The precedence isnt obvious here.

  • On one hand Python, unpacking into untyped **kwargs does let you add extra stuff that all gets bundled into the dict.
  • On the other hand, unpacking **kwargs with extra fields into non-**kwargs functions that do not define those named params is an error. So they’re flexible in one way but not the other

Since we’re working with case classes, by their nature they’re typed and non-extensible. And Scala does err on the side of “strict” more than Python does. So IMO erroring out on extra fields that do not correspond to a defined named parameter is the right thing to do

Notably, a variant of this is being discussed in the F# community (just for records, since they don’t have named parameters in method calls), and it seems like it’s likely to make it in Spread operator for F# · Issue #1253 · fsharp/fslang-suggestions · GitHub. They propose ... similar to what @Ichoran suggested

1 Like

I like the general direction in which this is going. But do we need a new spread operator? Maybe we can re-use x*? This would in each case pass the argument without unpacking.

1 Like

Mulling this over after discussing with @sjrd and some others at lunch today, I now think this can really be super simple. Here is a MVP (meaning minimum viable proposal).

Unpack modifier

Introduce a new unpack modifier that can be added to the last parameter of a method. Example:

case class Config(size: Int, label: String = "")
def request(body: Body, unpack config: Config) = ...

The type of an unpack parameter must be a statically accessible class. Inside the method, unpack has no significance; we simply have a parameter of the declared type.

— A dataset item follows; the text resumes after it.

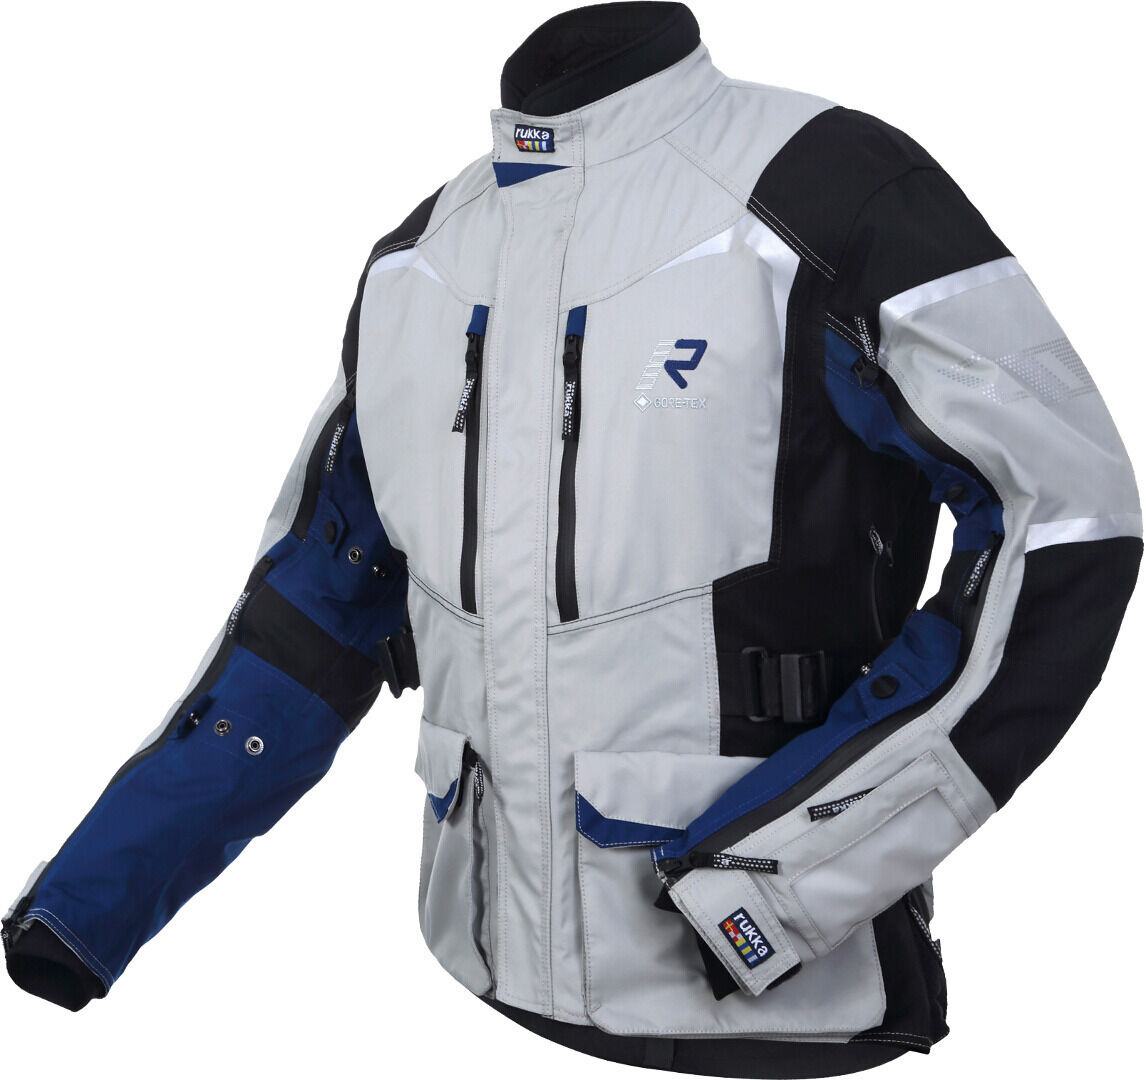 Photos - Motorcycle Clothing Rukka Rimo-R Motorcycle Textile Jacket Unisex Grey Blue Size: 46 702307473 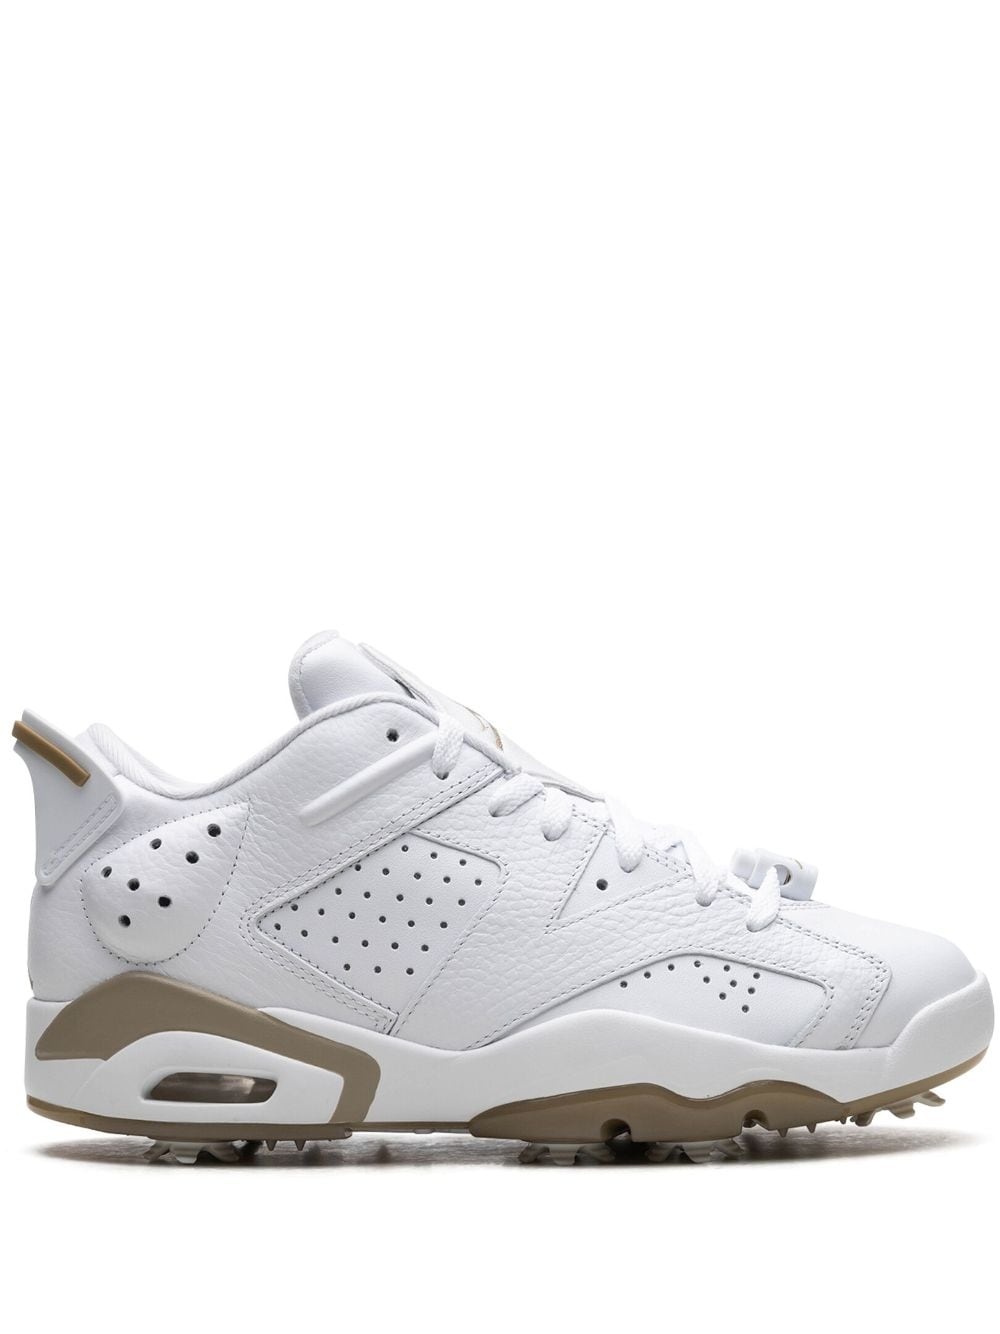 Air Jordan 6 Low Golf "White/Khaki" sneakers - 1

When such a method is called, we first match arguments as usual. When it comes to matching the last formal parameter, we simply wrap the remaining actual arguments with the apply method of the class. Example:

request(body, 20, label = "abc")

would expand to

request(body, Config(20, label = "abc"))

The expansion is done before typing. So there could be several apply methods and overloading resolution will pick the correct one.

Reuse Spread Operator

If we have a call like

request(body, config*)

we pass the last argument “as is” without wrapping. This works in the same way for repeated parameters (where the argument must be a sequence or an array) and for unpack parameters, where the argument must simply match the formal parameter type.

Notes

  1. The unpack parameter class will often be a case class (since then it is easy to pick it apart) but this is no absolute requirement. In Scala 3, regular classes are provided with synthetic apply methods as well, and we can use them to wrap the arguments.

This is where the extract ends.